Rooted in painting but in dialogue with psychoanalysis, literature, theatre, and natural science, de Vivanco’s practice critiques selective memory cultures and opens space for healing, both historical and personal. Her biographical experience between Latin America and Europe informs her exploration of hybridity, the female body, and decolonial futures. Whether using satire or surrealism, her work challenges what, and who, gets remembered, inviting viewers into a world where history is re-staged, re-embodied, and radically reimagined.
Mina Mania
is a Berlin-based artist whose work blurs the boundaries between painting, sculpture, installation, costume, and public art, always in service of liberation, self-expression, and collective healing.
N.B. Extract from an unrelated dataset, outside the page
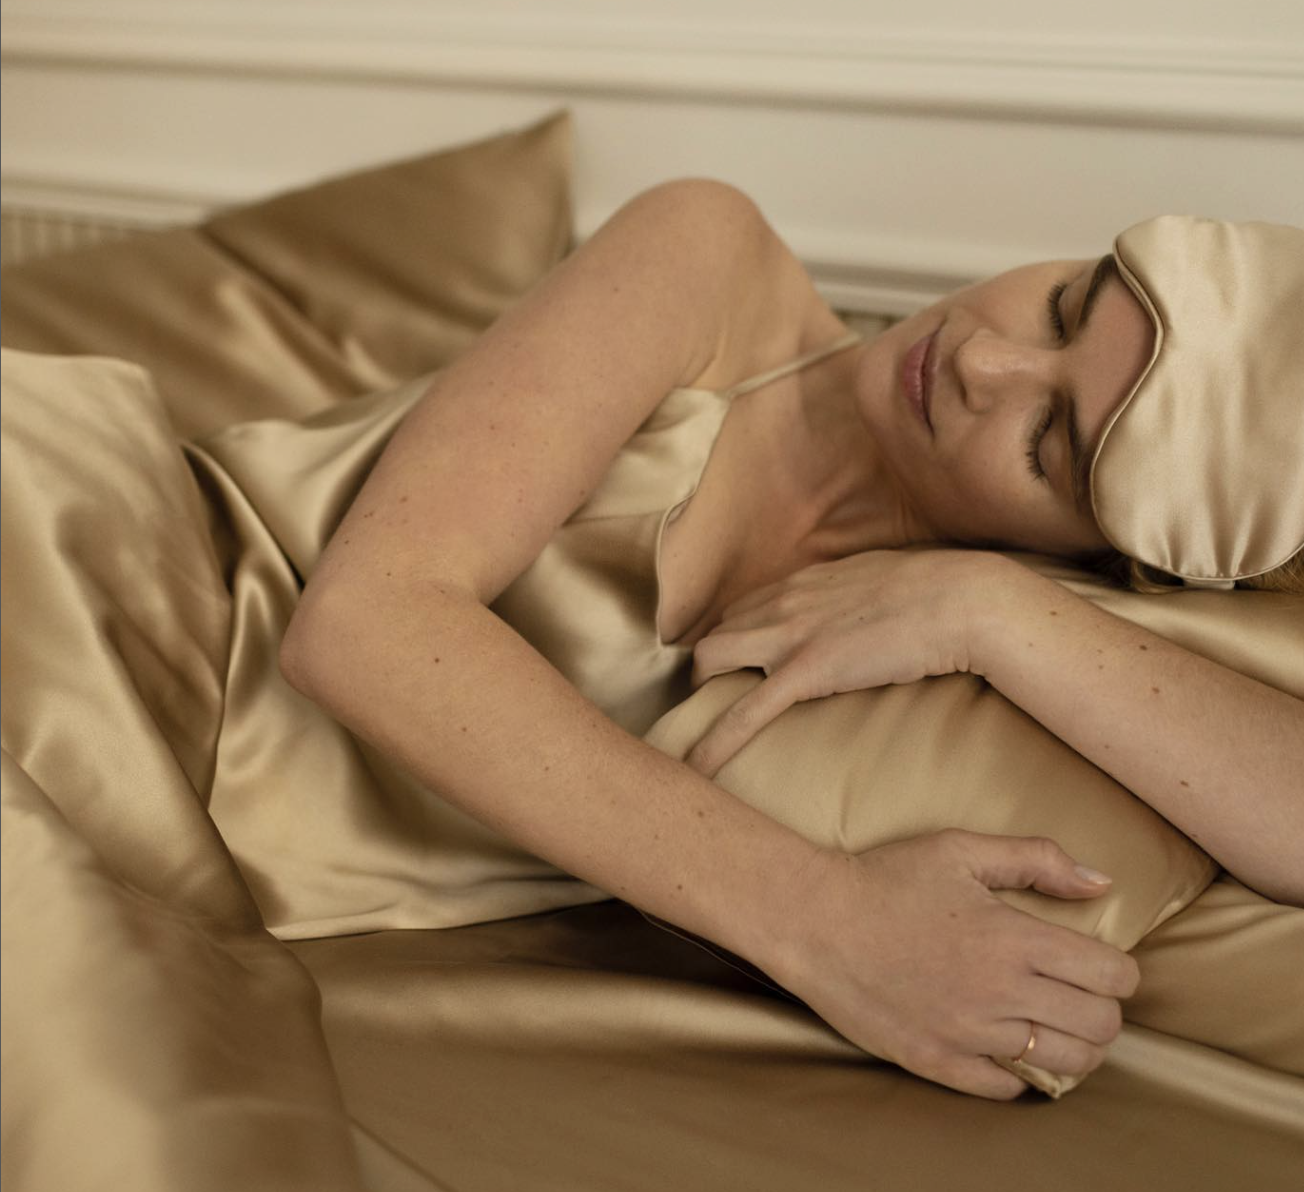 El nuevo tratamiento de belleza infalible: dormir en una almohada

At the heart of her practice is Nana, a recurring figure who embodies strength, softness, and transformation. More than a symbol, Nana is a living archetype: a shapeshifting companion, spiritual guide, and mirror of inner sovereignty. Through vivid color, sensual materials, and immersive worlds, Mina Mania creates spaces where vulnerability and power can co-exist.
Her art speaks to personal and collective journeys, embracing identity, resilience, and emotional depth. With roots in feminist performance, street art, and ritual practice, Mina’s work celebrates the unruly, the intuitive, and the radically free. She calls this spirit Nanarchy, a call to resist conformity, reclaim softness, and live beyond expectation. Both playful and profound, her work invites viewers to enter a space of resonance, where healing becomes possible and freedom takes shape.
Sebastian Neeb
Sebastian Neeb’s work dismantles the rituals of power, politics, and status with sharp humor and playful material mastery. By parodying heroes, inventing absurd trophies, and exposing the performativity of attention, he subverts the masculine-coded tropes of dominance and authority.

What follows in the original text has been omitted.